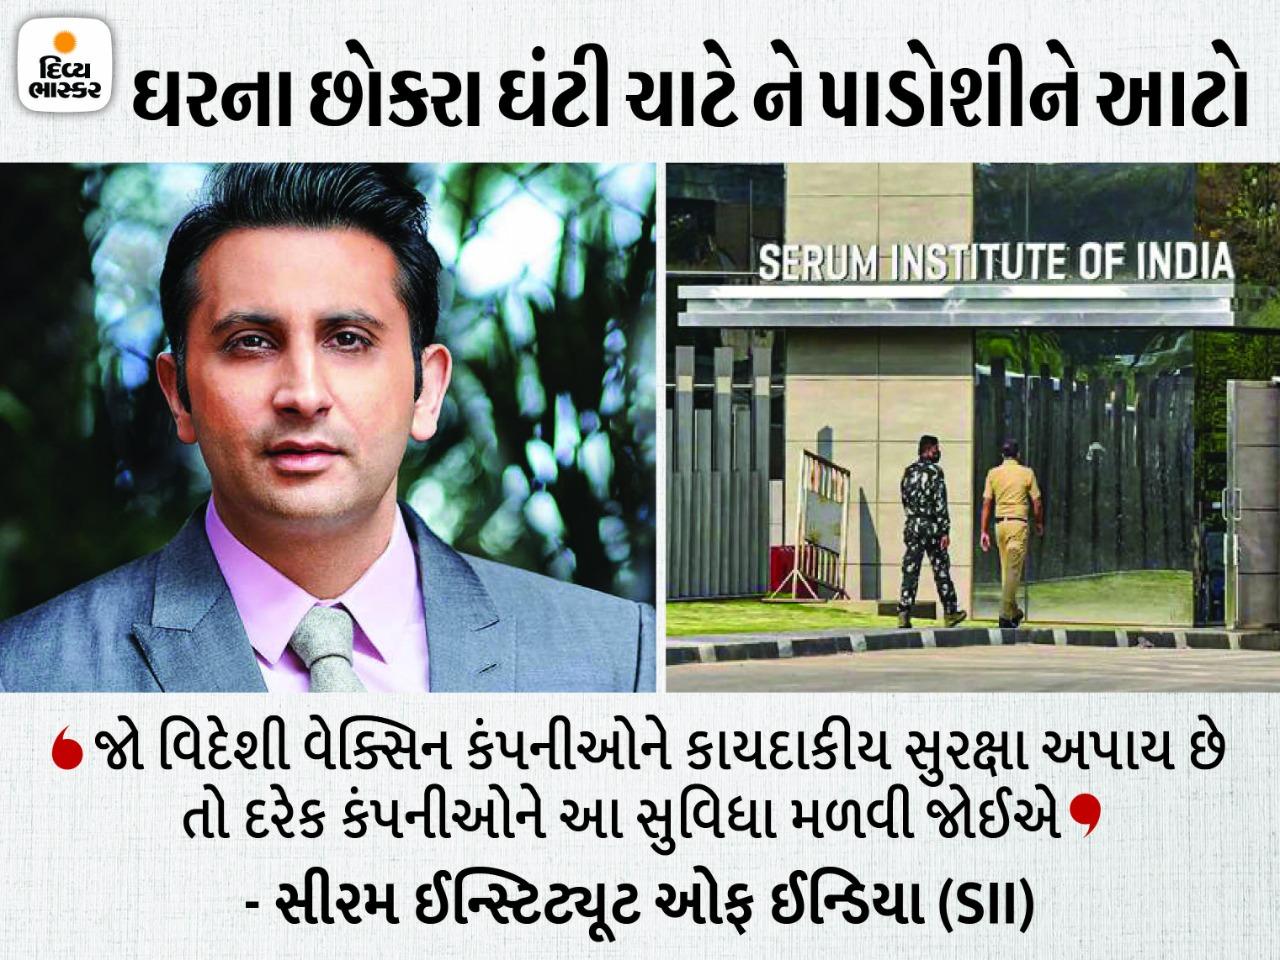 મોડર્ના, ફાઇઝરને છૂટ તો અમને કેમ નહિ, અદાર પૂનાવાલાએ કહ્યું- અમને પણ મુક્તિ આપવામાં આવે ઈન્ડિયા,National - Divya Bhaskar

# # # # # # #

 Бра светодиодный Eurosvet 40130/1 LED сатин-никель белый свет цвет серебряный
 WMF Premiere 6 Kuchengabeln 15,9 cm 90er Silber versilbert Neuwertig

# # # # # # #

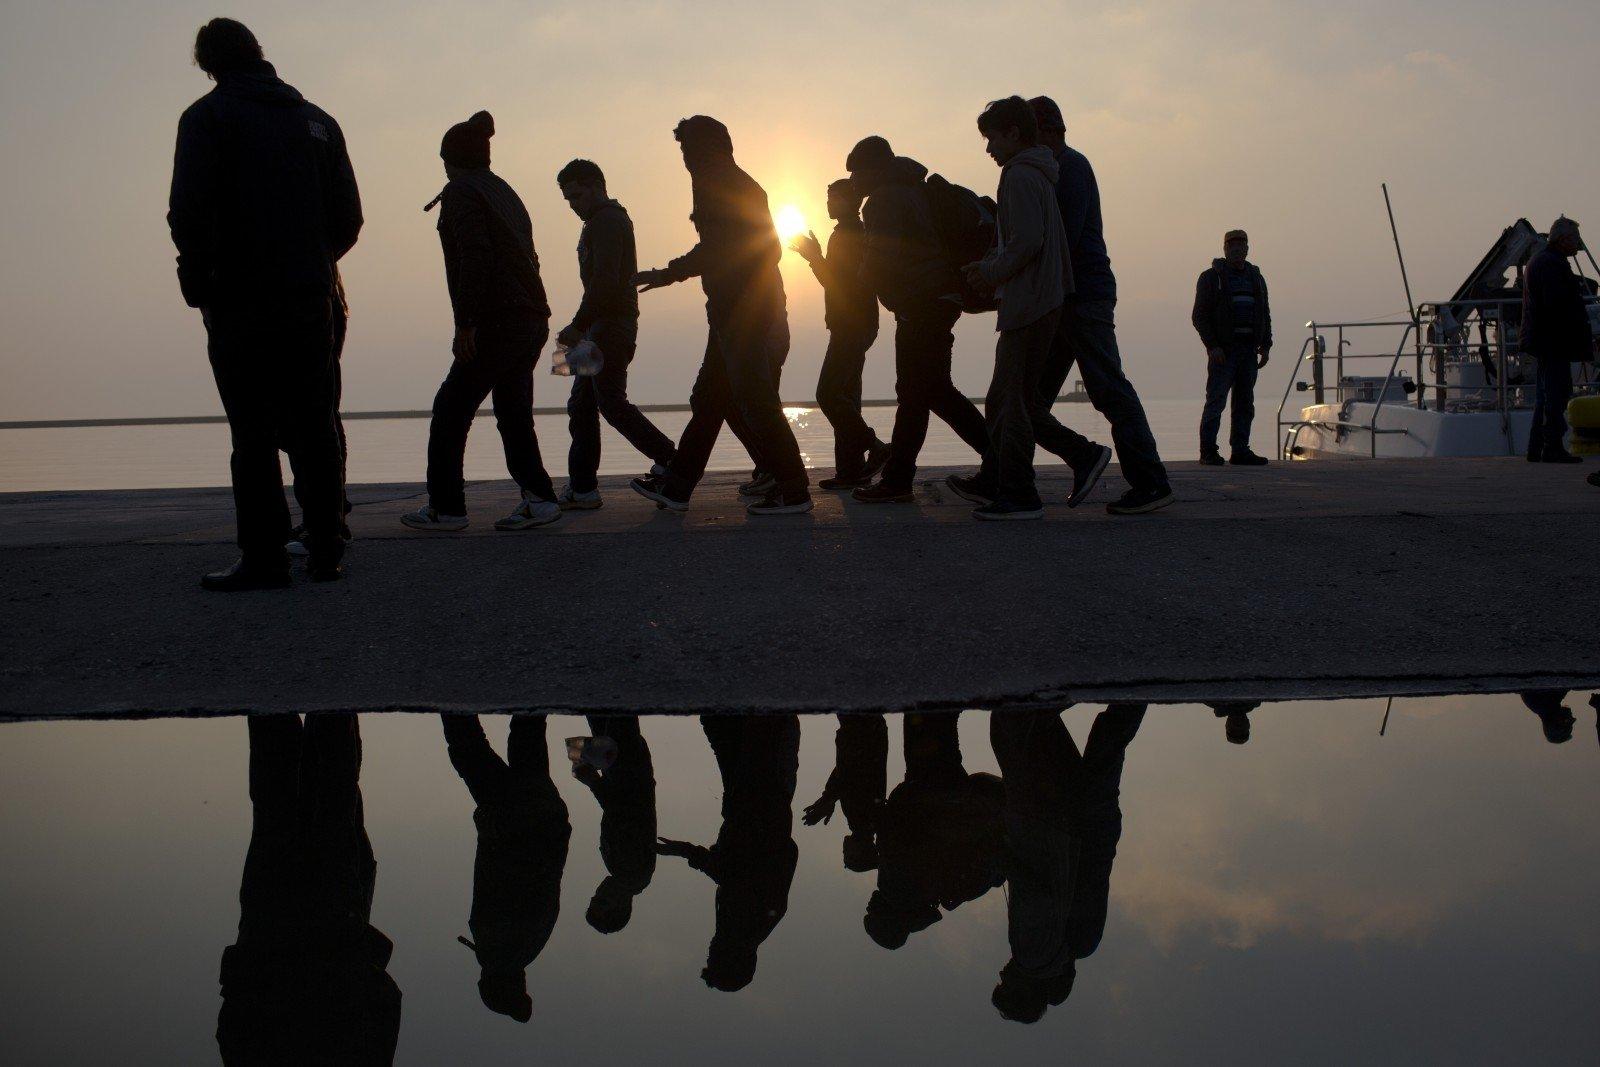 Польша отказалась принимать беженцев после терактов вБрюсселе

# # # # # # #

* EXERCISE BRIEF
The response must hold only the lines above from the line with "Бра светодиодный Eurosvet" through the line with "WMF Premiere 6", each copied exactly, both ends kept.

* FINAL ANSWER
 Бра светодиодный Eurosvet 40130/1 LED сатин-никель белый свет цвет серебряный
 WMF Premiere 6 Kuchengabeln 15,9 cm 90er Silber versilbert Neuwertig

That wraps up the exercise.